Светящееся ночное небо побледнело. В низинах на лугах перед нами теперь стоял густой туман. Хорошо различавшаяся до этого цепь холмов на горизонте, позволявшая видеть на своем фоне очертания каждого чужеродного тела, полностью пропала. Было что-то призрачное в этих ночных бесшумных волнах тумана. Ветки с громким треском отламывались от деревьев и вызывали подозрение, что на них ступил чужой сапог. Густая листва осыпалась с деревьев с таким звуком, который днем слышался тихим шелестом, а теперь вызывал тревогу. Лиса проскользнула сквозь подлесок, и мы затаили дыхание.
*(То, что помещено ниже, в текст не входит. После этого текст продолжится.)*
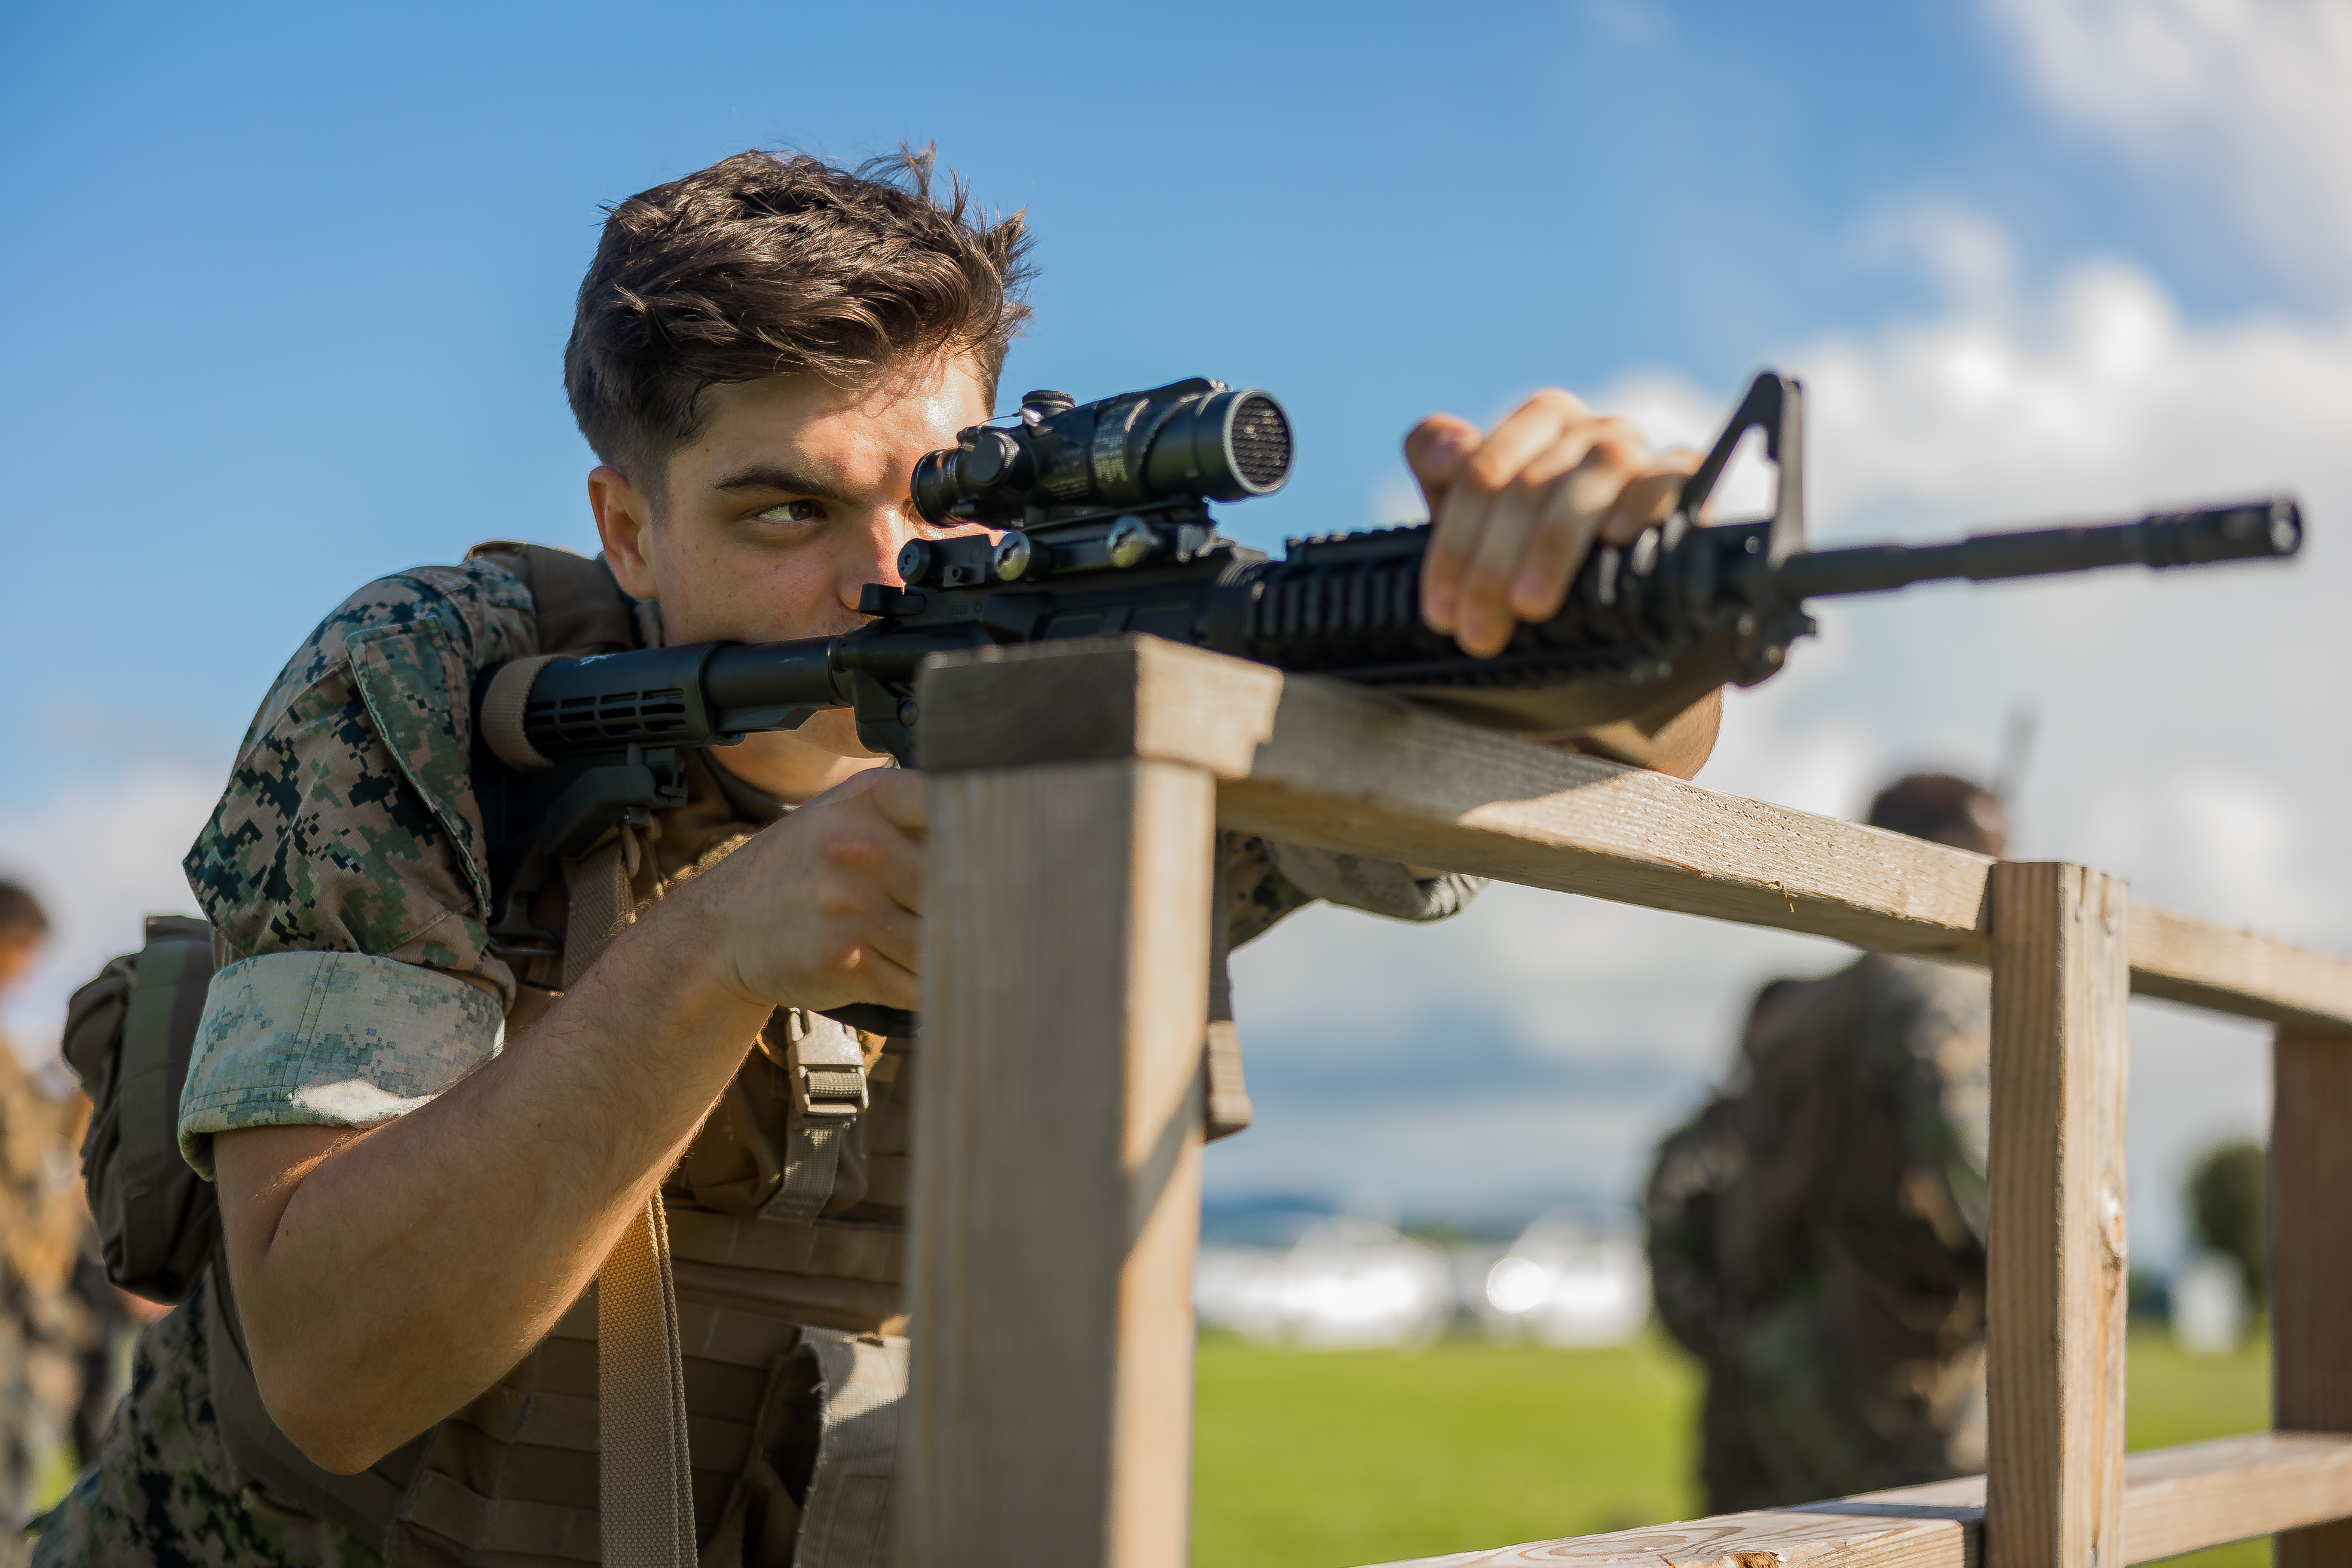 A U.S. Marine sights in with an M4 carbine during an annual rifle qualification grass week on Camp Courtney, Okinawa, Japan, Sept. 19, 2023. Grass week is a week-long course designated to practice and perform basic rifle fundamentals prior to qualifying for annual marksmanship. The Marine is with Headquarters Battalion, 3d Marine Division.

Но что нам известно? Действительно ли это безобидно осыпающиеся с деревьев сучья и листва, и только ли это лиса? Наша задача — нести службу в дозоре и защищать наших товарищей от внезапного нападения. До деревни внизу всего несколько минут ходьбы.
Если наши коллеги с той стороны что-то подготовили, то мы в дозоре это должны заметить, чтобы предупредить товарищей, и те успеют принять меры.
Иногда в пелене тумана мне виделись образы, по очертаниям которых было невозможно определить, что это такое. Казалось, что я слышу шаги. Шаги ли это? То ли они подкрадываются к нам, то ли готовятся, то ли мне кажется.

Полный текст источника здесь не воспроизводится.